Merge lp:~vila/ubuntu-ci-services-itself/1289273-racy-config-file into lp:ubuntu-ci-services-itself

Proposed by Vincent Ladeuil
Status: Merged
Approved by: Vincent Ladeuil
Approved revision: 341
Merged at revision: 341
Proposed branch: lp:~vila/ubuntu-ci-services-itself/1289273-racy-config-file
Merge into: lp:ubuntu-ci-services-itself
Diff against target: 108 lines (+50/-6)
3 files modified
TRICKS (+34/-0)
charms/precise/rabbitmq-worker/hooks/hooks.py (+12/-5)
test_runner/tstrun/__init__.py (+4/-1)
To merge this branch: bzr merge lp:~vila/ubuntu-ci-services-itself/1289273-racy-config-file
Reviewer Review Type Date Requested Status
Evan (community) Approve
PS Jenkins bot (community) continuous-integration Approve
Andy Doan Pending
Review via email: mp+209940@code.launchpad.net

Commit message

Avoid races for rabbit mq config file by renaming the file once it's complete.

Description of the change

This fixes the race encountered around the rabbit worker config file.

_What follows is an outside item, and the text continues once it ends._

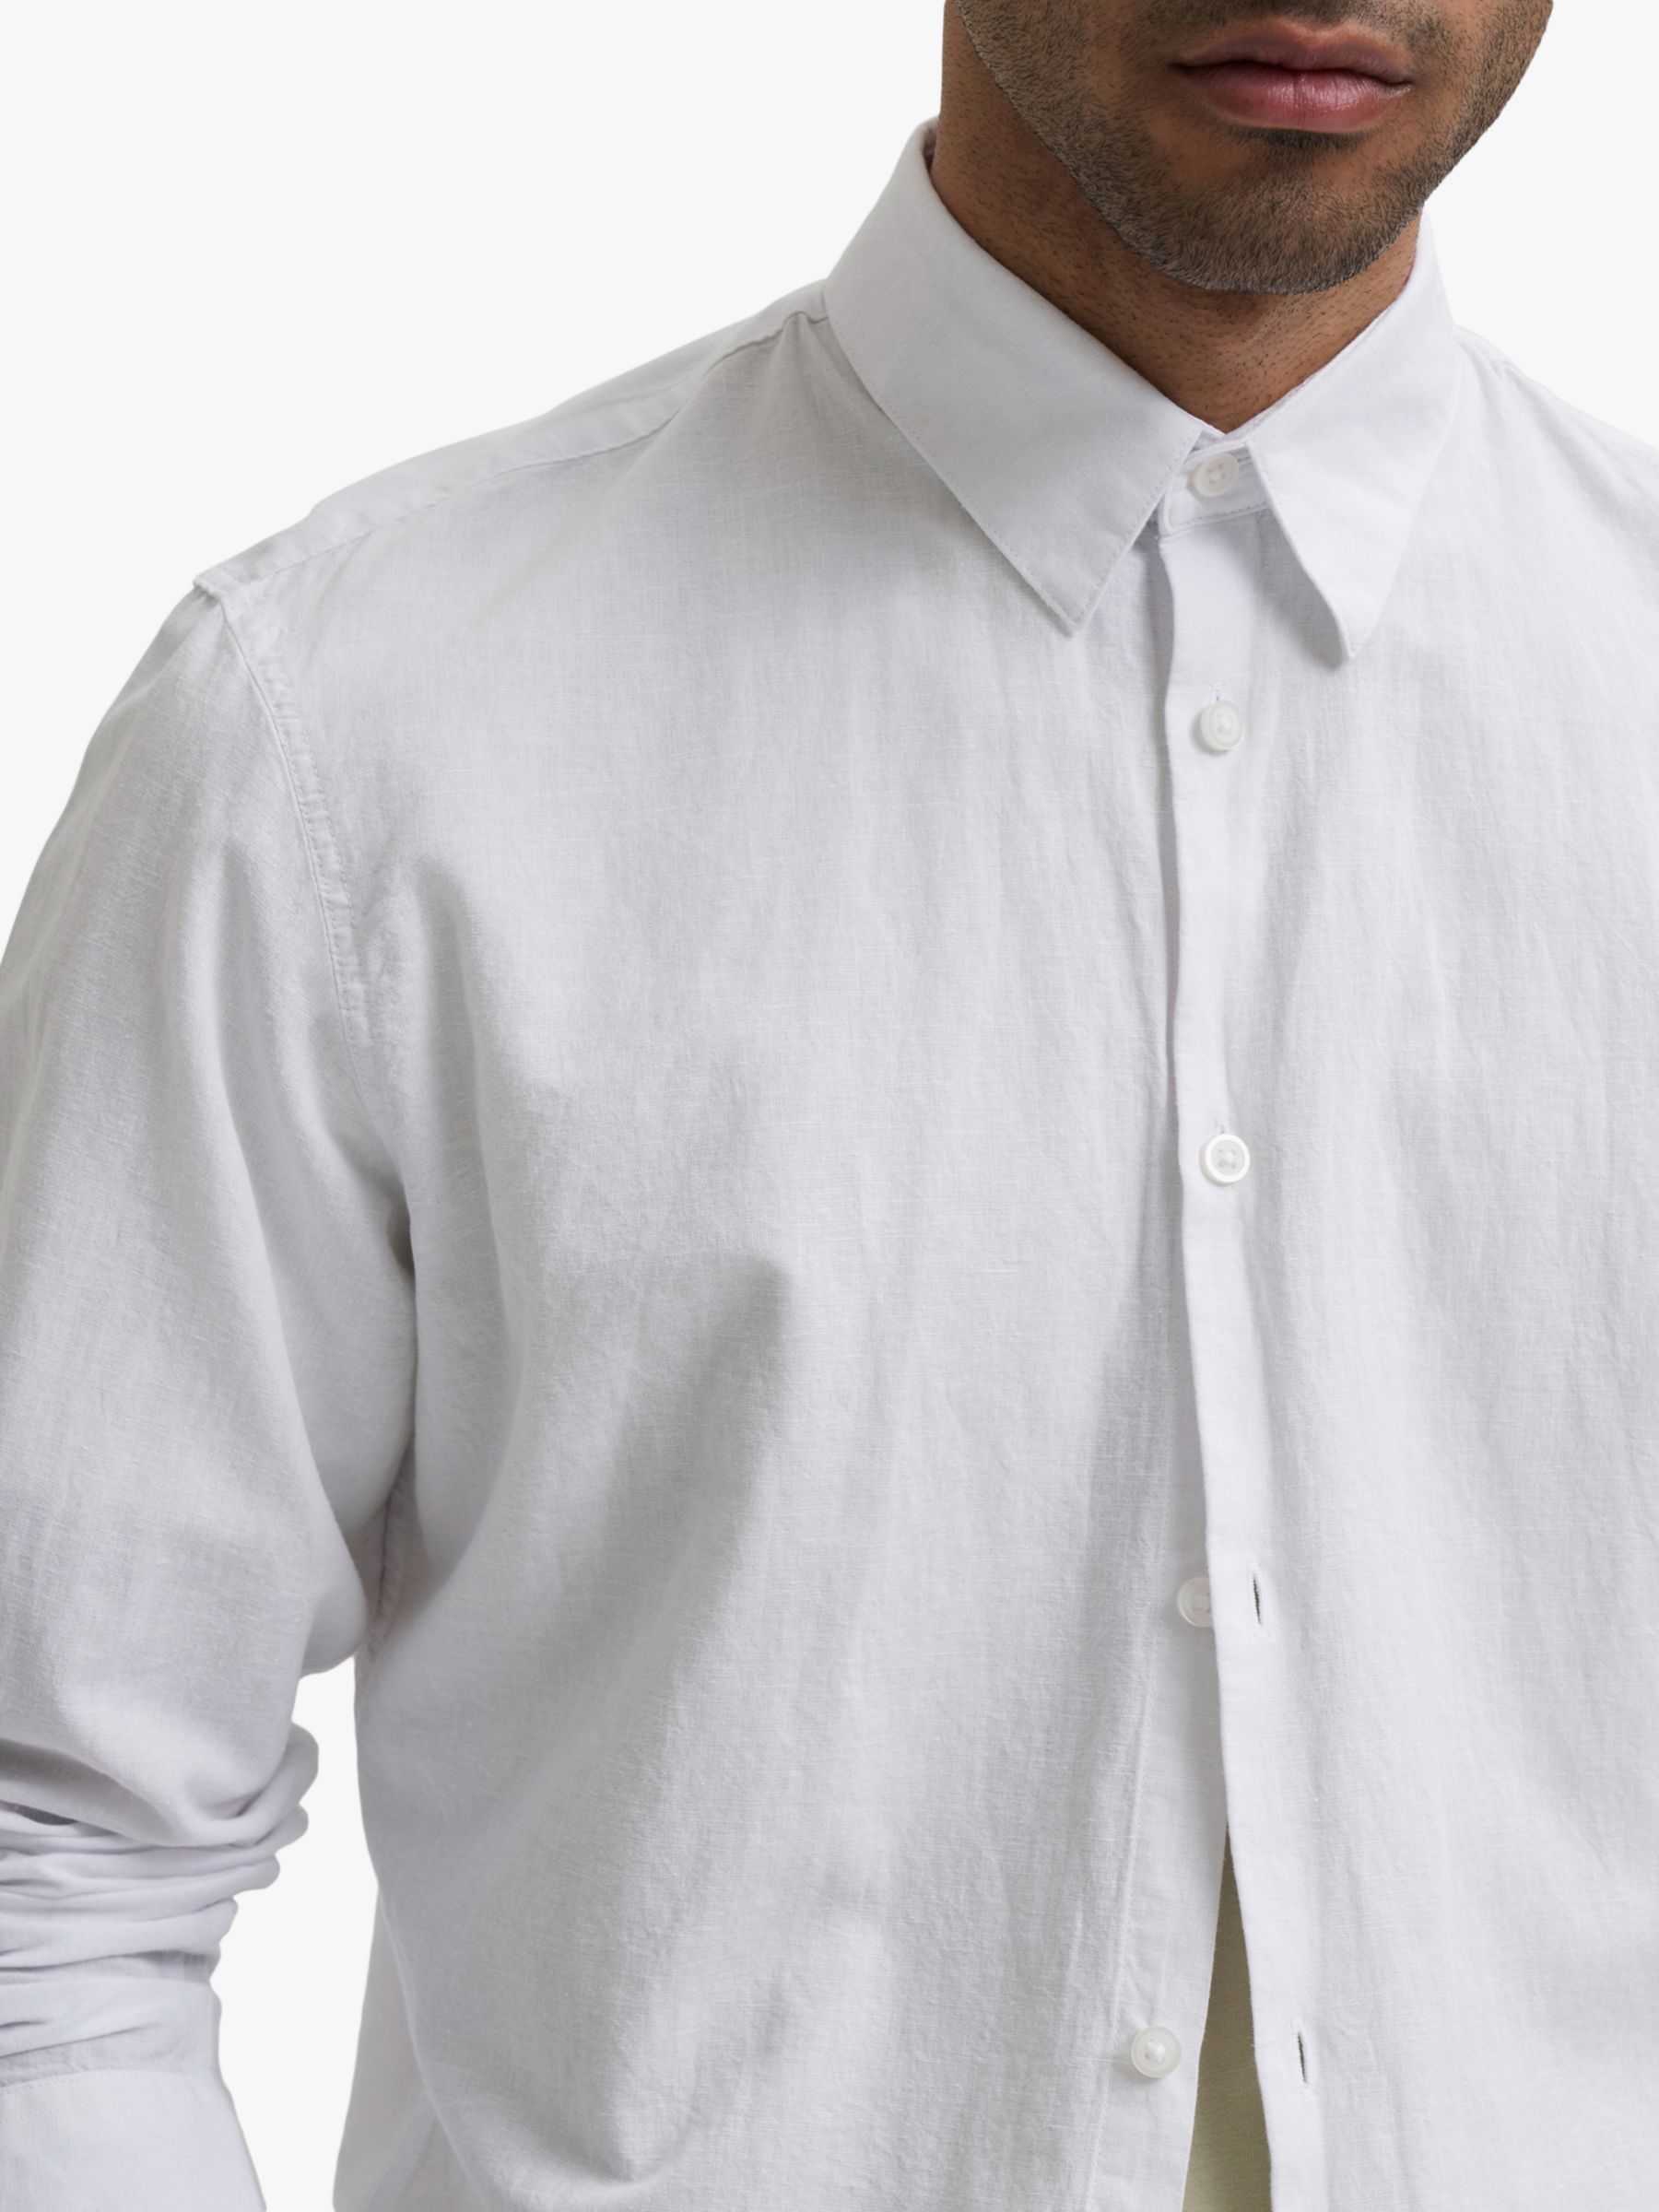 Buy SELECTED HOMME Cotton Linen Blend Shirt Online at johnlewis.com

I suspect the same kind of race occurred for the service file so I applied the same fix (Andy, what do you think ?).

I've been unable to setup a deployment for the last hours so I'm proposing anyway, if you have a working deployment...

To post a comment you must log in.
Revision history for this message
PS Jenkins bot (ps-jenkins) wrote :

FAILED: Continuous integration, rev:338
No commit message was specified in the merge proposal. Click on the following link and set the commit message (if you want a jenkins rebuild you need to trigger it yourself):
https://code.launchpad.net/~vila/ubuntu-ci-services-itself/1289273-racy-config-file/+merge/209940/+edit-commit-message

http://s-jenkins.ubuntu-ci:8080/job/uci-engine-ci/327/
Executed test runs:

Click here to trigger a rebuild:
http://s-jenkins.ubuntu-ci:8080/job/uci-engine-ci/327/rebuild

review: Needs Fixing (continuous-integration)
Revision history for this message
Andy Doan (doanac) wrote :

It seems sane. Lets try and deploy it once though. The removal of the f.sync calls makes me nervous. I added that originally because I saw a bug. Its not the first time I've seen python code not seem to *really* close/flush a file to disk in time for an immediate call to subprocess that requires the file:

 http://git.linaro.org/lava/lava-dispatcher.git/blob/HEAD:/lava_dispatcher/device/sdmux.py#l53

Anyway - i think its sane, but I'd like to see it deploy for us

339. By Vincent Ladeuil

Keep the temp file ! os.fsync() restored, witnessed a 'No such file or directory' on the following os.rename() in 1 of the three deployed workers...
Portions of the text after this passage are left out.